▶ [To do]:
Transcribe the listing exactly; drop the images.

▶ [Provided data]:
════════════════════

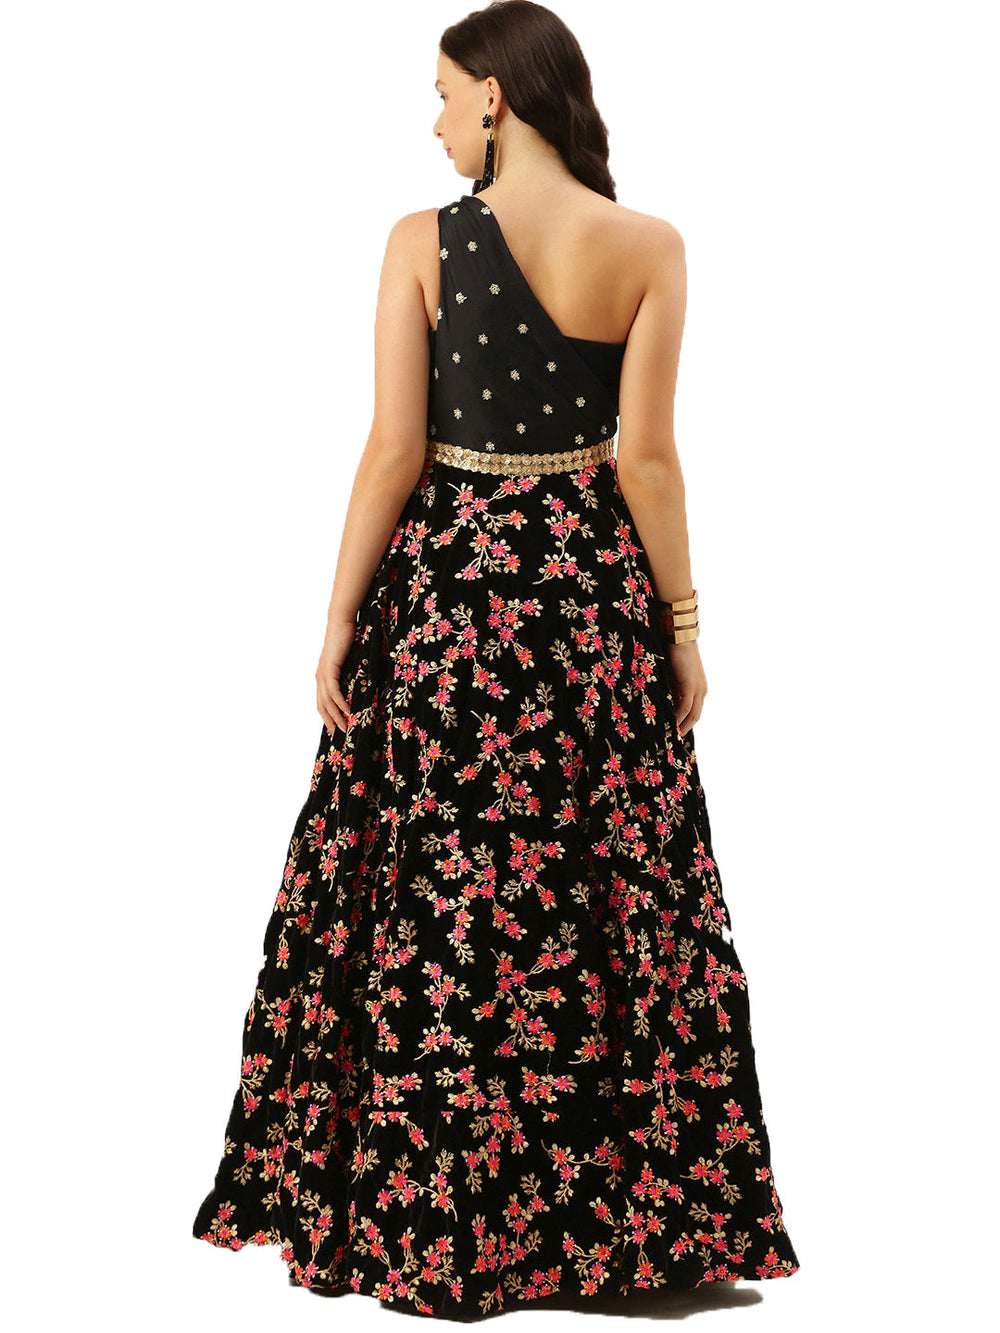 Vogue-One-Shoulder-Style-Embroidered-Gown
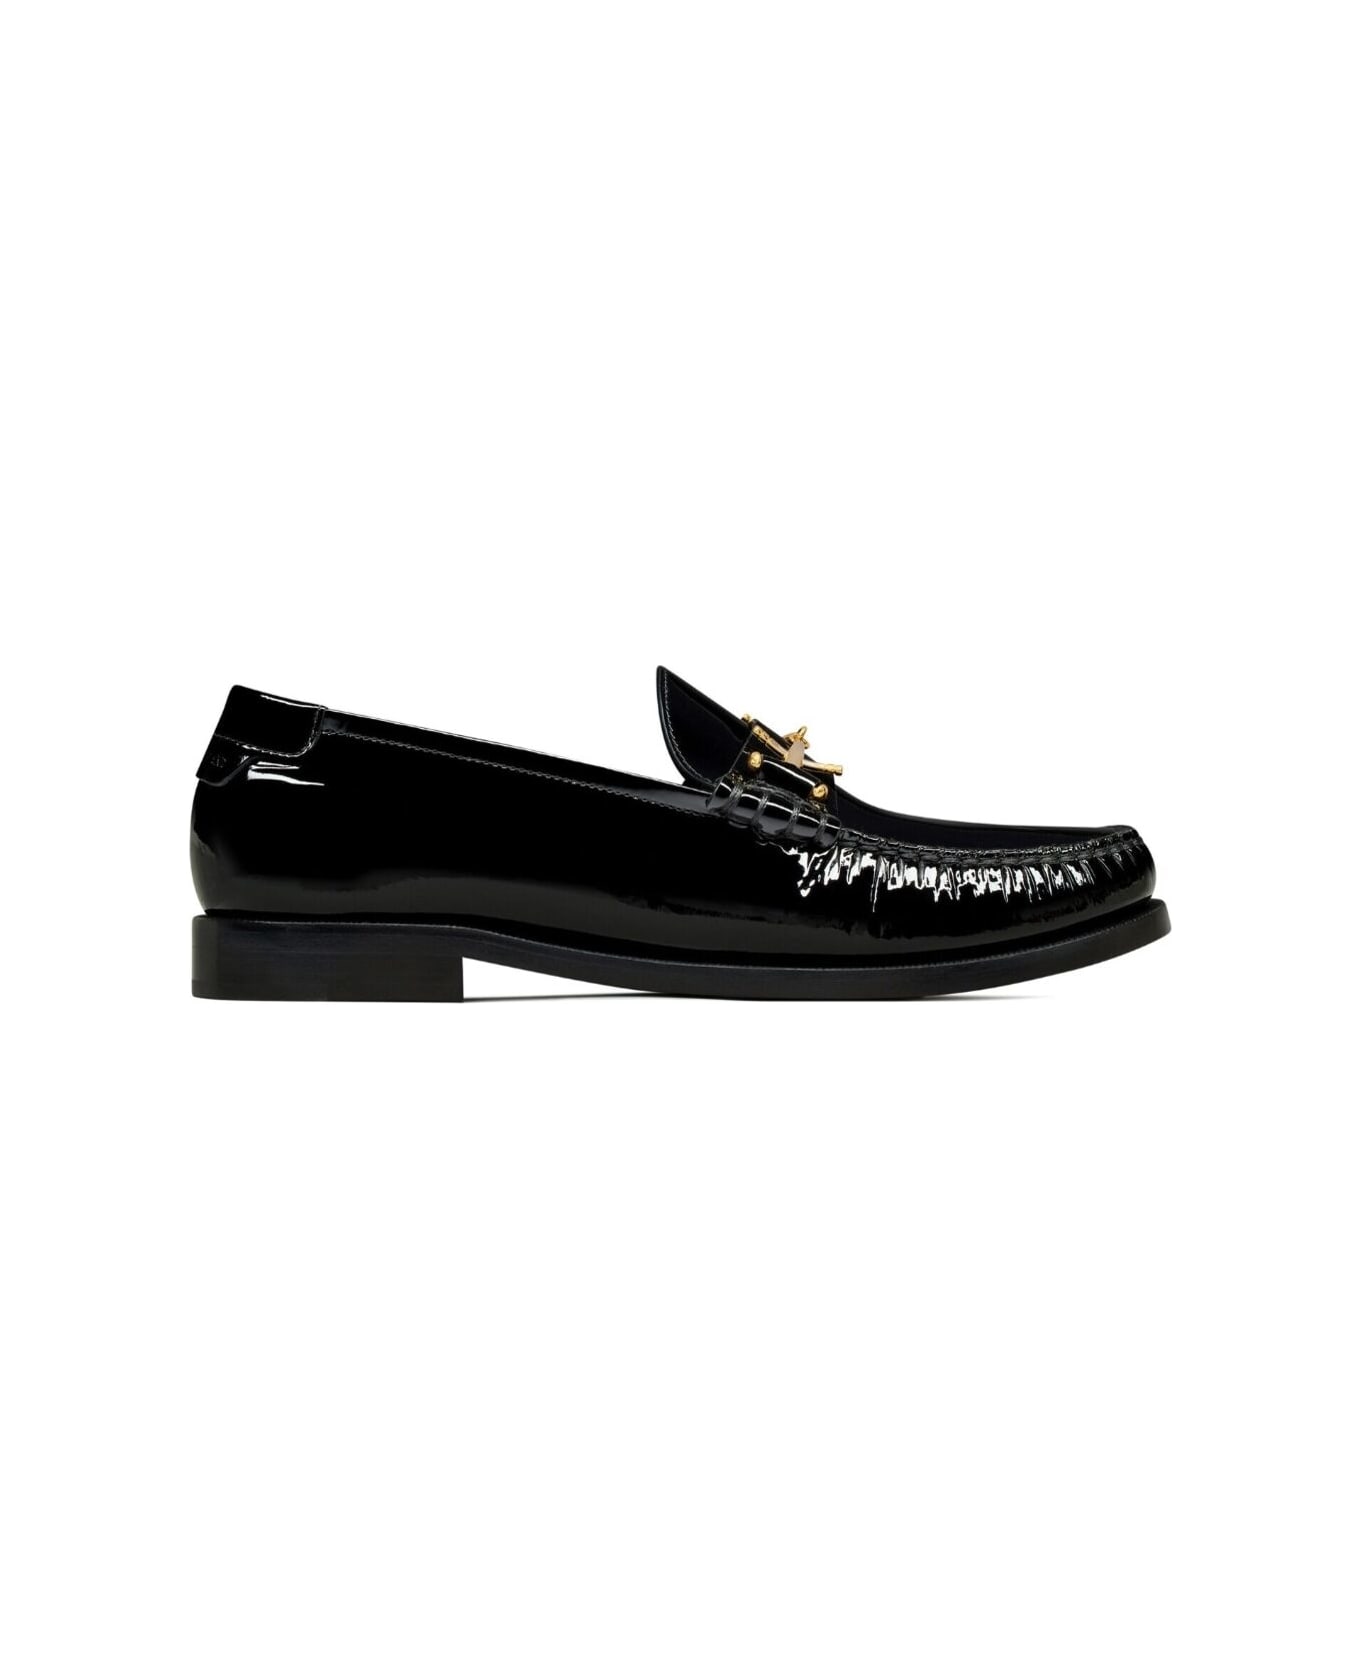 Saint Laurent Le Loafer Penny Slippers In Black Patent Leather Woman - Black
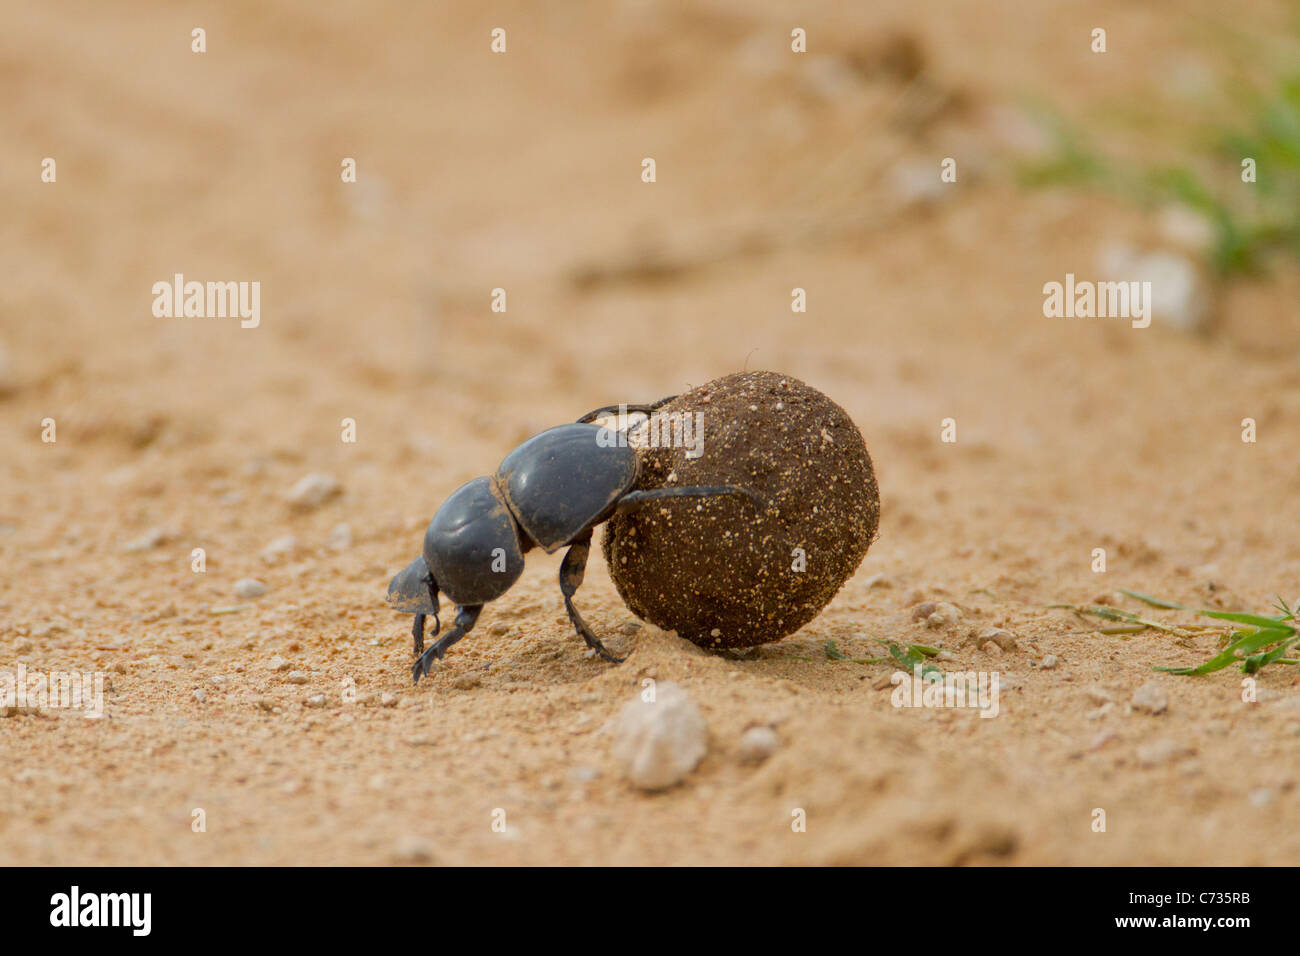 Dung beetle (scarabaeidae) at Addo Elephant Park in South Africa. Stock Photo
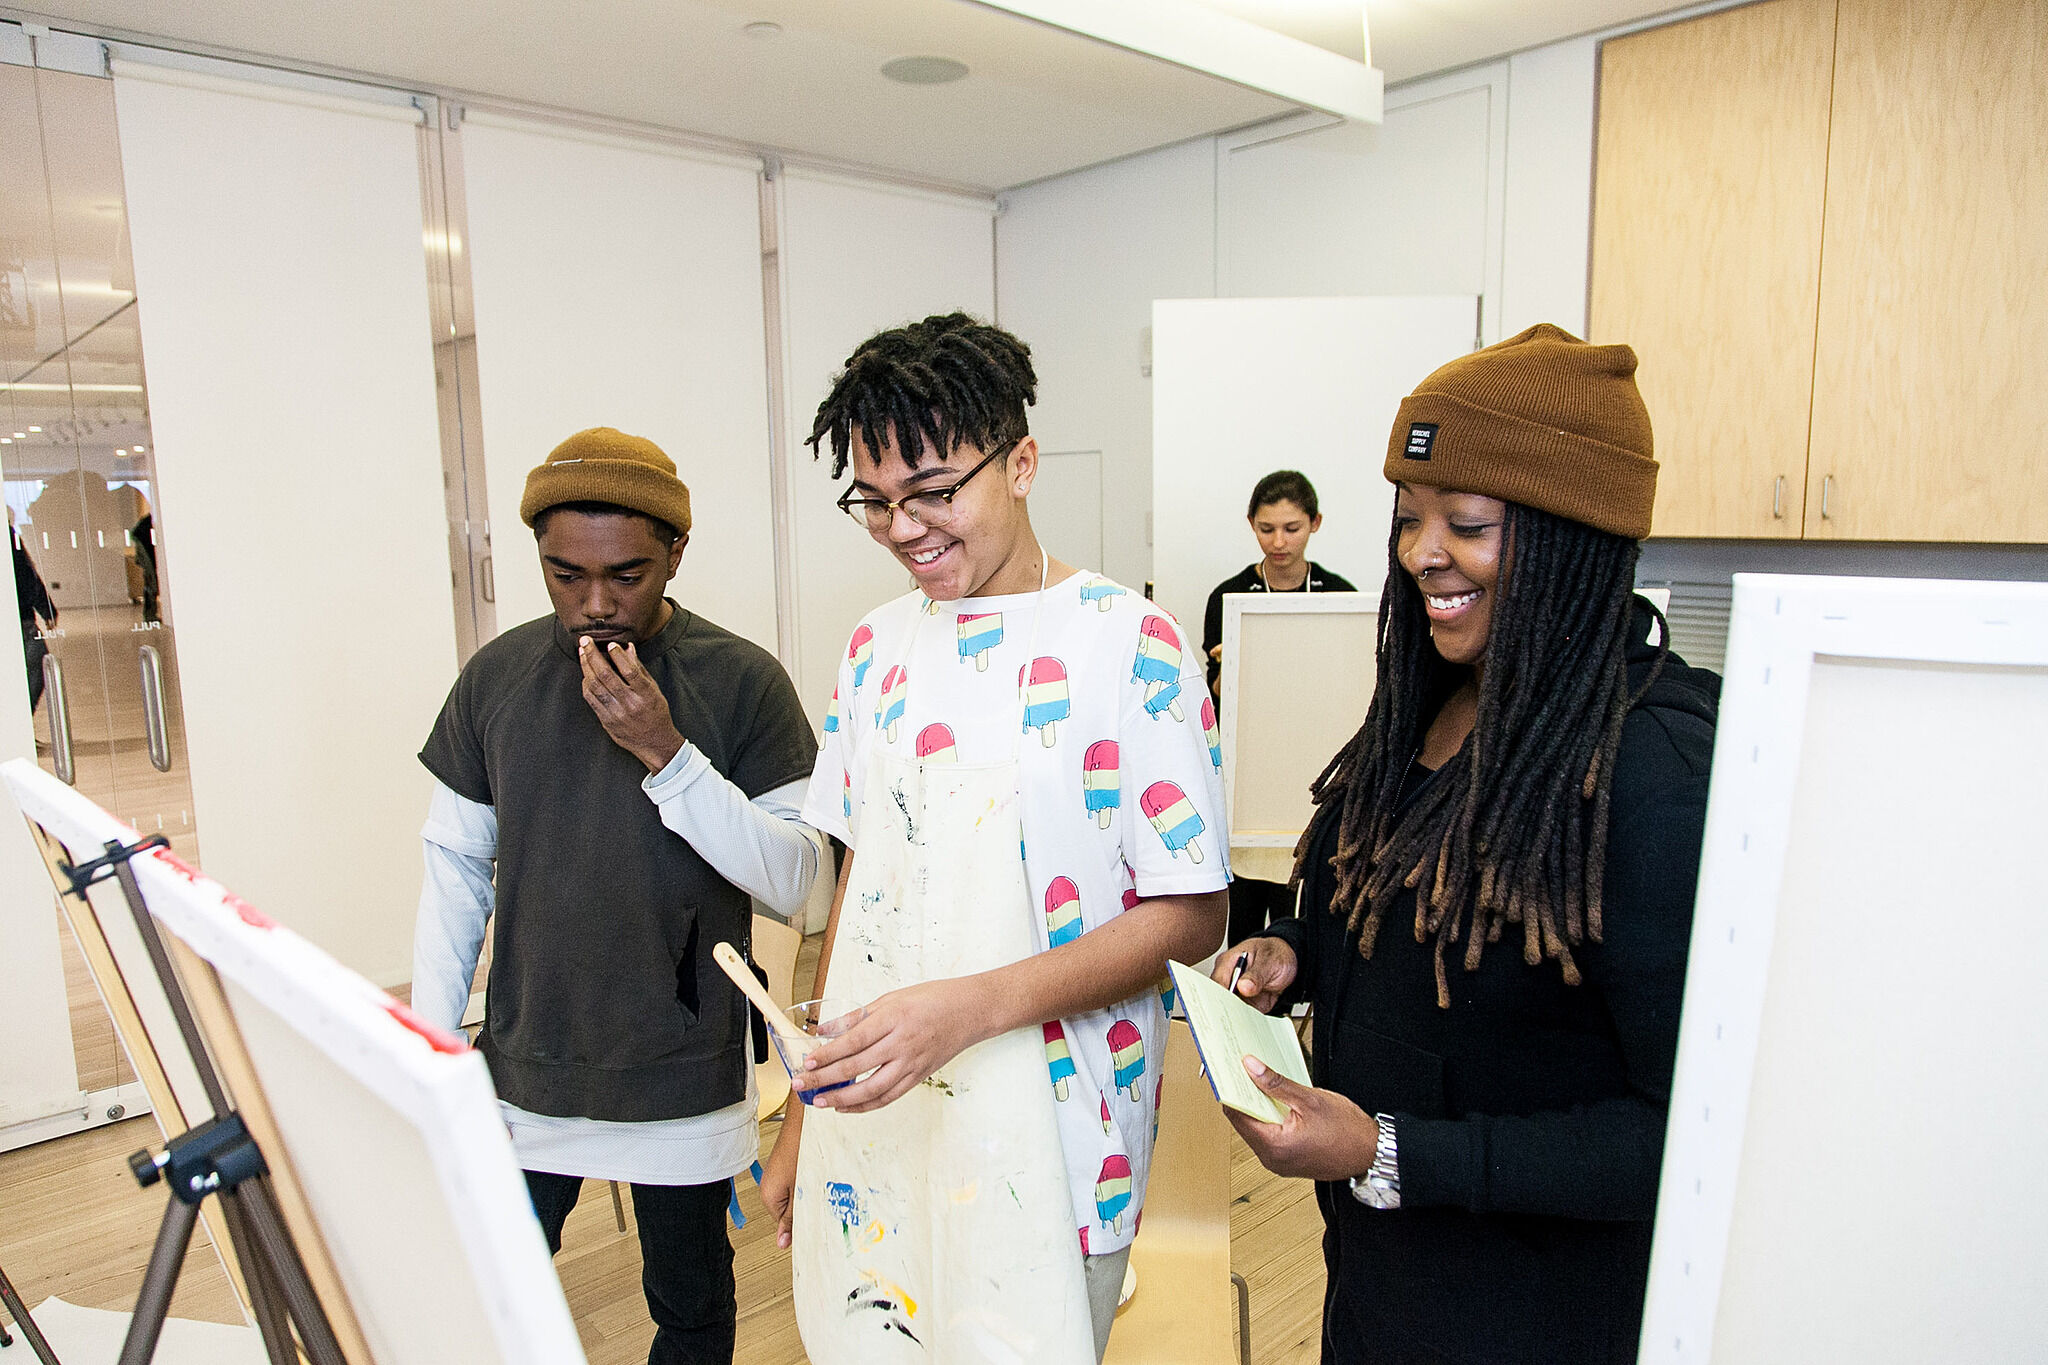 Artist and students stand in front of an easel.

════════════════════

▶ [Your response]:
 Vogue-One-Shoulder-Style-Embroidered-Gown
 Saint Laurent Le Loafer Penny Slippers In Black Patent Leather Woman - Black
 Dung beetle (scarabaeidae) at Addo Elephant Park in South Africa. Stock Photo
 Artist and students stand in front of an easel.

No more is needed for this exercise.